<< AUDIO >>


<< VIDEO >>


<< ZBT RAMS >>



<< TOOLS >>


The iGamePlay audio component detects the beats that allow the enemy to move to the music. Using the lab kit’s on-board AC97 Codec chip and a simple energy comparison algorithm, the audio module was able to detect a range of beats from simple base drums more complicated techno and rap songs with strong down beats. The module would then relay the beat signal to the game logic to influence enemies’ speed.

Getting Digital Audio Data

AC97 Codec

Before analyzing the music to detect beats, the analog source needed to be sampled with an A/D converter. Conveniently, the lab kit houses an AC97 codec chip that can do most of the sampling work. AC97 is a general PC audio codec specification published by Intel Corporation. You can view it here: http://www.intel.com/labs/media/audio/. The 6.111 lab kits contain the National Semiconductor LM4550 implementation of this specification. The LM4550 is in full compliance with respect to the features that it implements, but by no means does it implement every feature described in the Intel specification. For the purpose of iGamePlay, the LM4550 was more than adequate.

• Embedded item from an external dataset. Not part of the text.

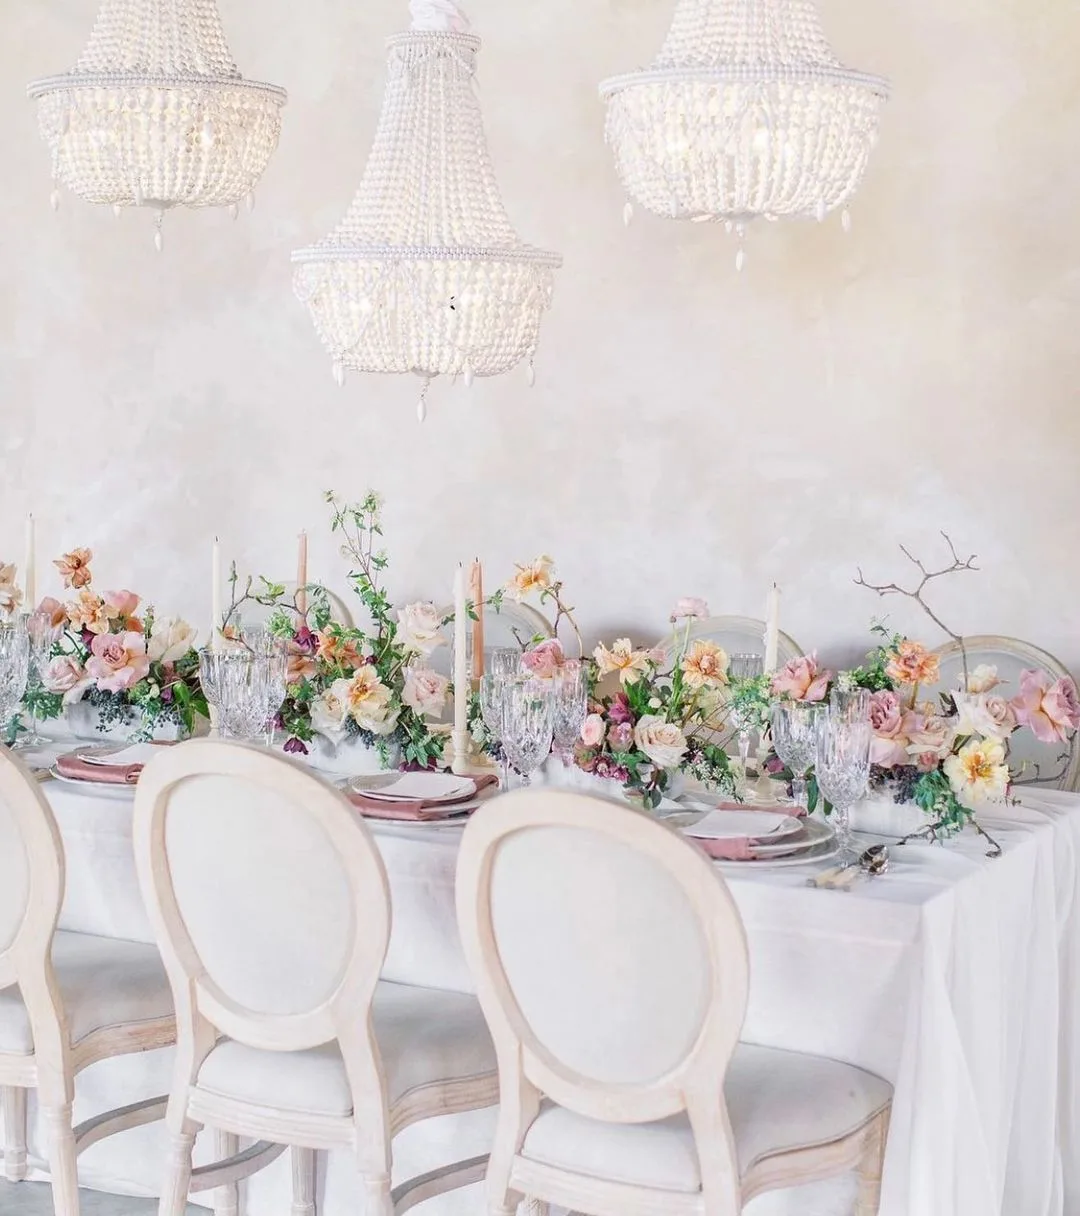 Chandeliers And Whimsical Decor

The LM4550 audio codec is a powerful tool for digitizing analog inputs, processing analog inputs with its 3D sound circuitry, or playing back digitized samples from a ROM, however it cannot function without an AC97 digital controller. The controller is used for resetting the codec (necessary on power-on), reading digitized data from the codec’s A/D, passing in digitized data to the codec’s D/A, and modifying internal configuration registers (more on this later).

Frame Protocol

All communication between the AC97 codec and its controller occurs along two 1-bit serial data streams named sdata_out (from controller to codec) and sdata_in (codec to controller). These names are controller relative. Each stream is broken up into segments called frames. Each frame is made up of 256 sequential bits. The start of a frame is signaled by a control signal named SYNC that is generated by the controller. In a properly working controller, SYNC should transition from low to high once every 256 bits. In compliance with the specification, SYNC should have a duty cycle of 6.25%, in other words, it should remain high for 16 of the 256 bits. Any transition of SYNC from low to high before 256 bits have been recognized by the codec will be ignored.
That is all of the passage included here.